Estrogen drives both transcriptional activation and proteolysis of estrogen receptor α (ERα; encoded by ESR1). Here we observed variable and overlapping ESR1 mRNA levels in 200 ERα-negative and 50 ERα-positive primary breast cancers examined, which suggests important posttranscriptional ERα regulation. Our results indicate that Src cooperates with estrogen to activate ERα proteolysis. Inducible Src stimulated ligand-activated ERα transcriptional activity and reduced ERα t1/2. Src and ERα levels were inversely correlated in primary breast cancers. ERα-negative primary breast cancers and cell lines showed increased Src levels and/or activity compared with ERα-positive cancers and cells. ERα t1/2 was reduced in ERα-negative cell lines.
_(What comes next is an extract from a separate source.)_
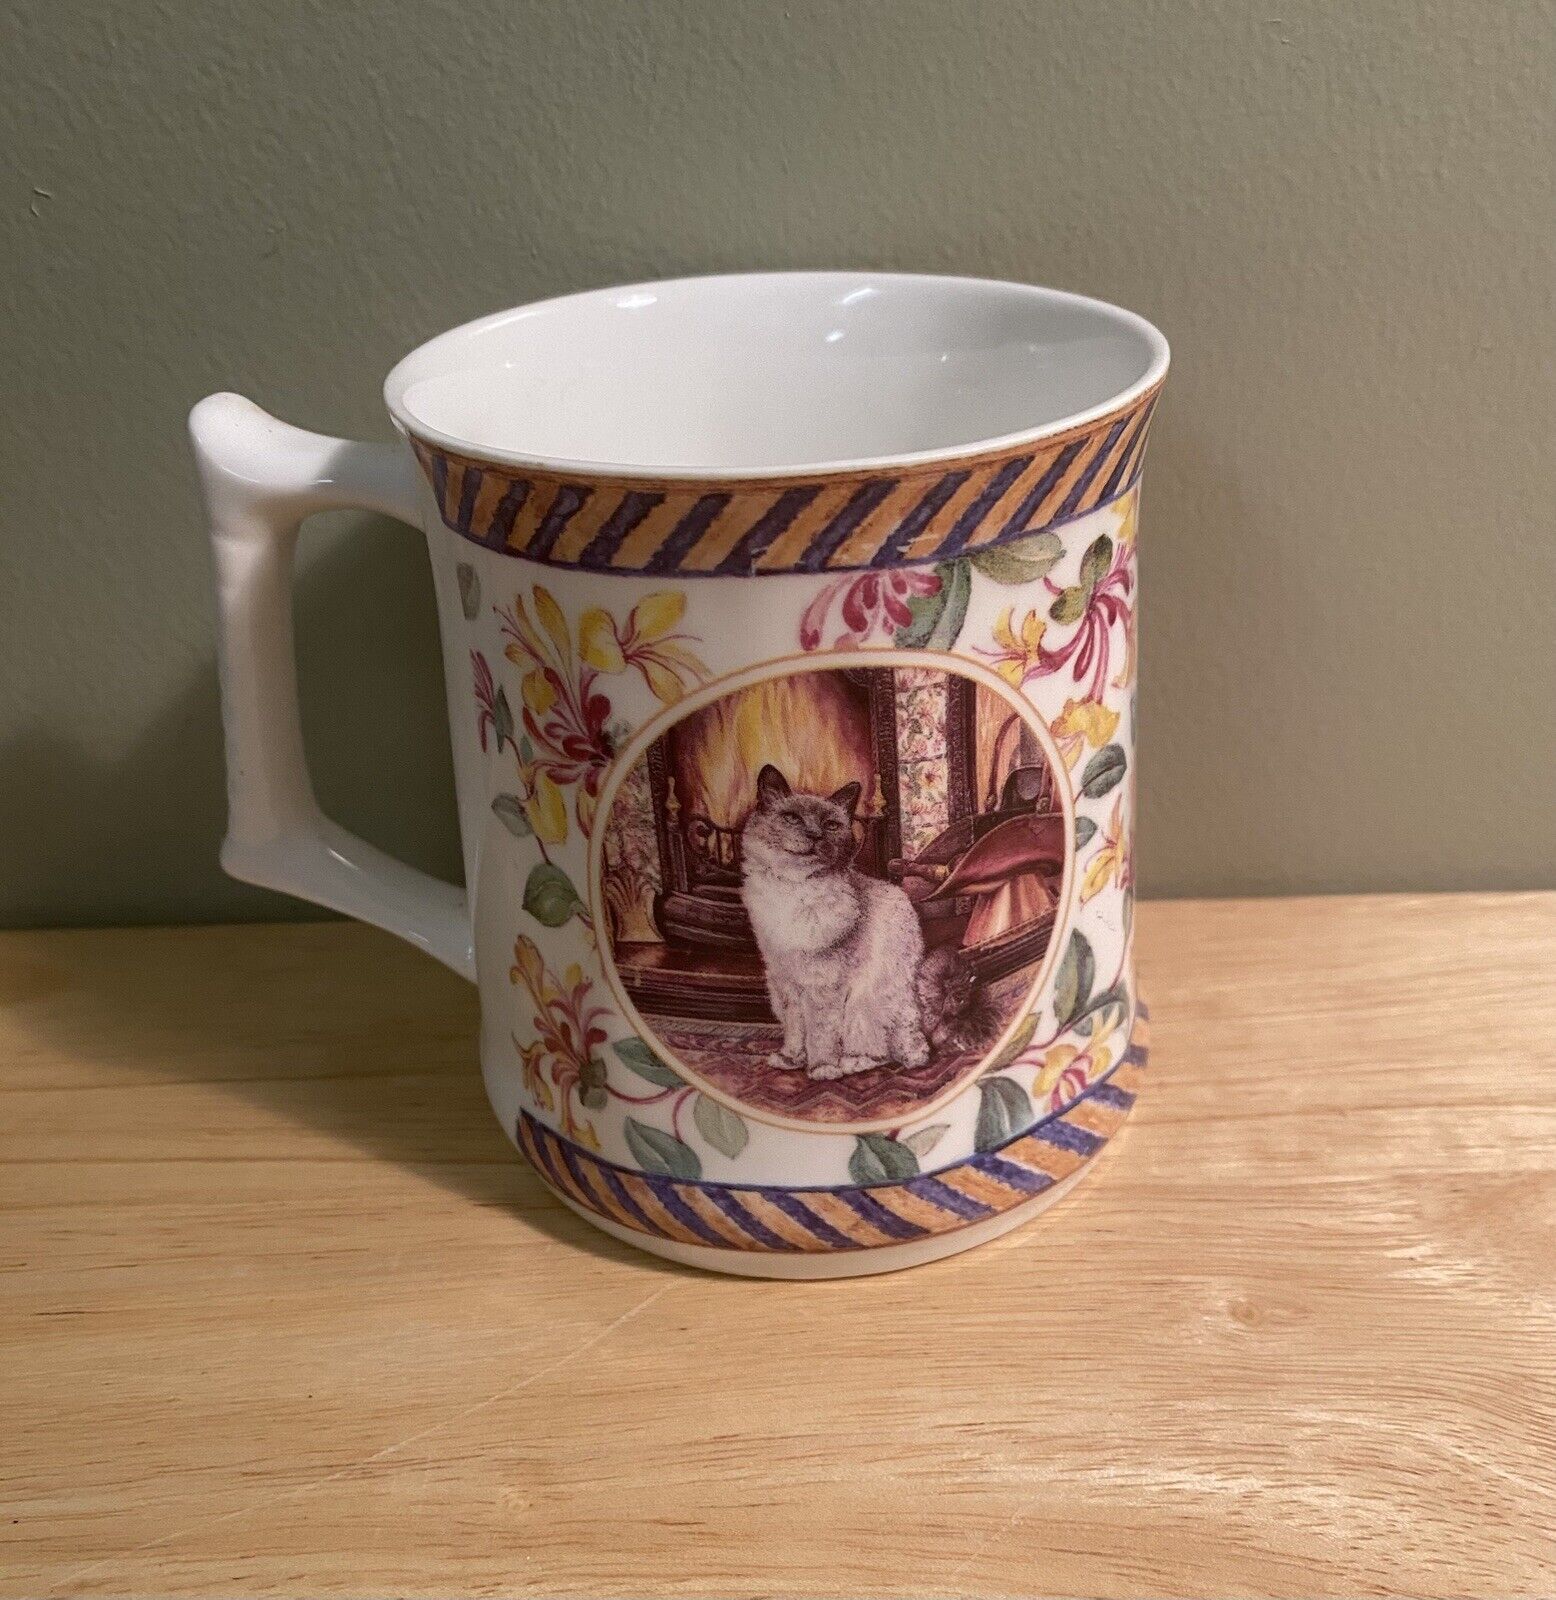 England Cat Mug Superior Ceramics Bone China Hand Crafted Coffee Cup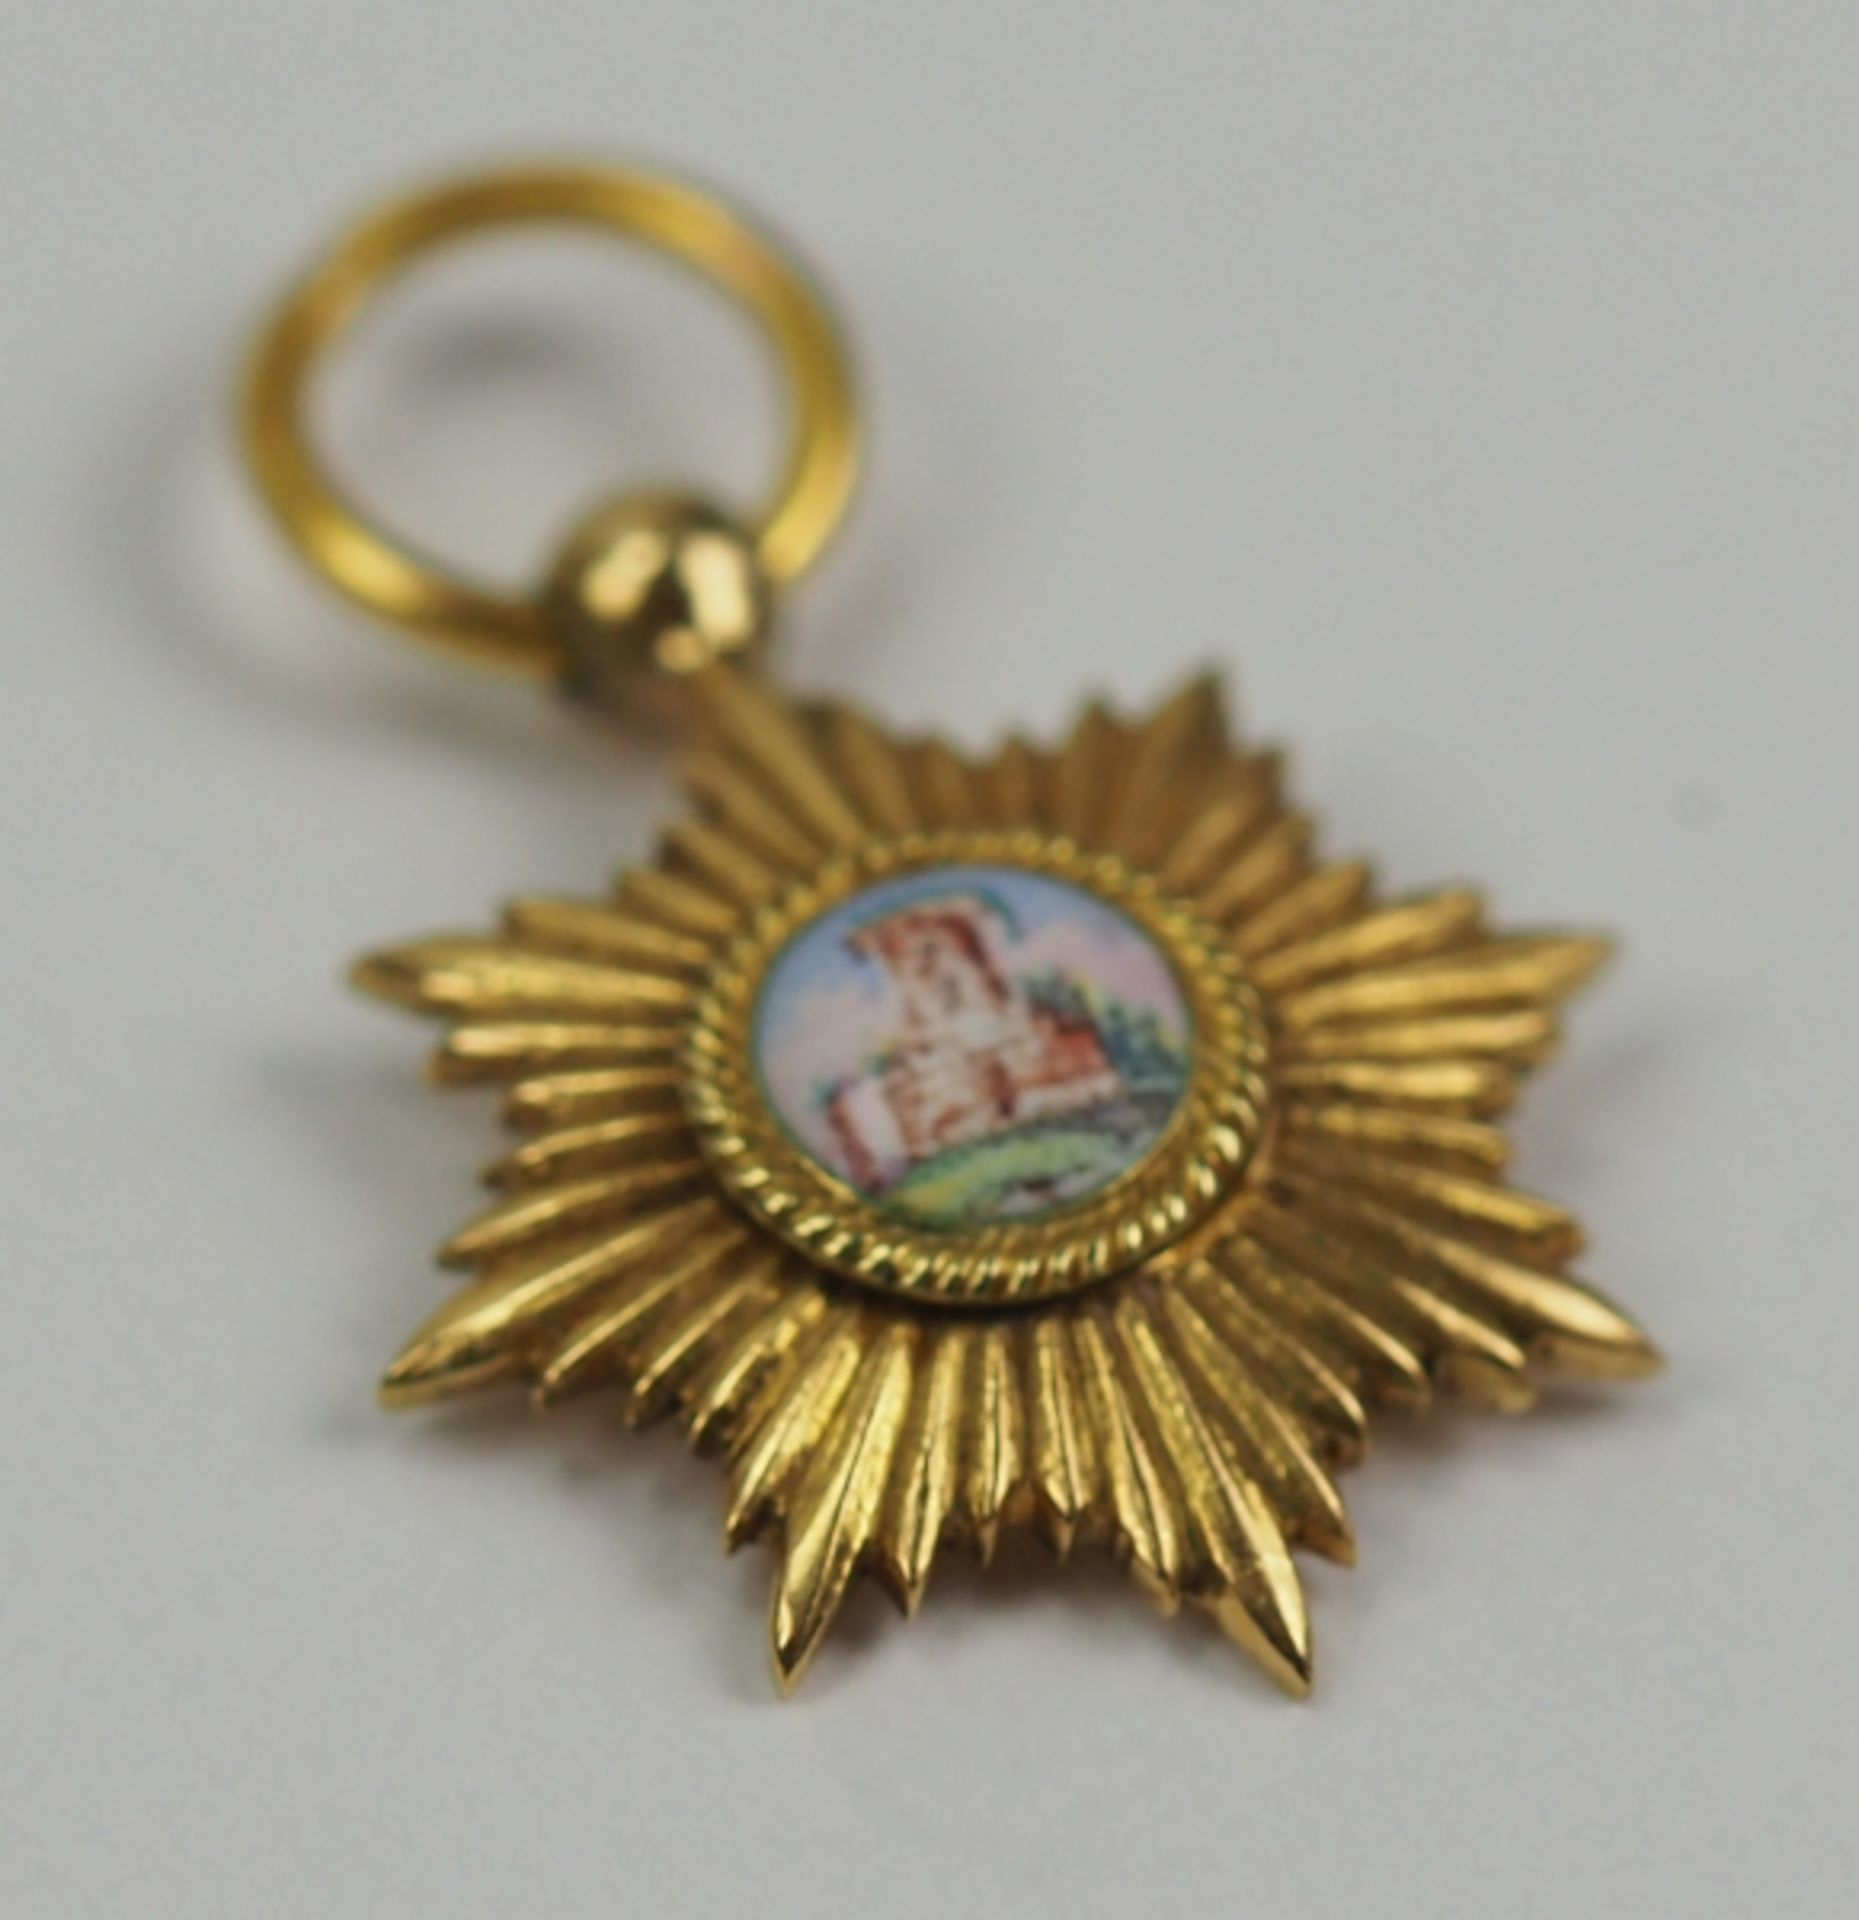 Baden: Großherzoglicher Orden vom Zähringer Löwen, Großkreuz Stern Miniatur.Gold, das Medaillon - Bild 2 aus 4

In both ERα-positive and -negative cell lines, both proteasome and Src inhibitors increased ERα levels. Src inhibition impaired ligand-activated ERα ubiquitylation and increased ERα levels. Src siRNA impaired ligand-activated ERα loss in BT-20 cells. Pretreatment with Src increased ERα ubiquitylation and degradation in vitro. These findings provide what we believe to be a novel link between Src activation and ERα proteolysis and support a model whereby crosstalk between liganded ERα and Src drives ERα transcriptional activity and targets ERα for ubiquitin-dependent proteolysis. Oncogenic Src activation may promote not only proliferation, but also estrogen-activated ERα loss in a subset of ERα-negative breast cancers, altering prognosis and response to therapy.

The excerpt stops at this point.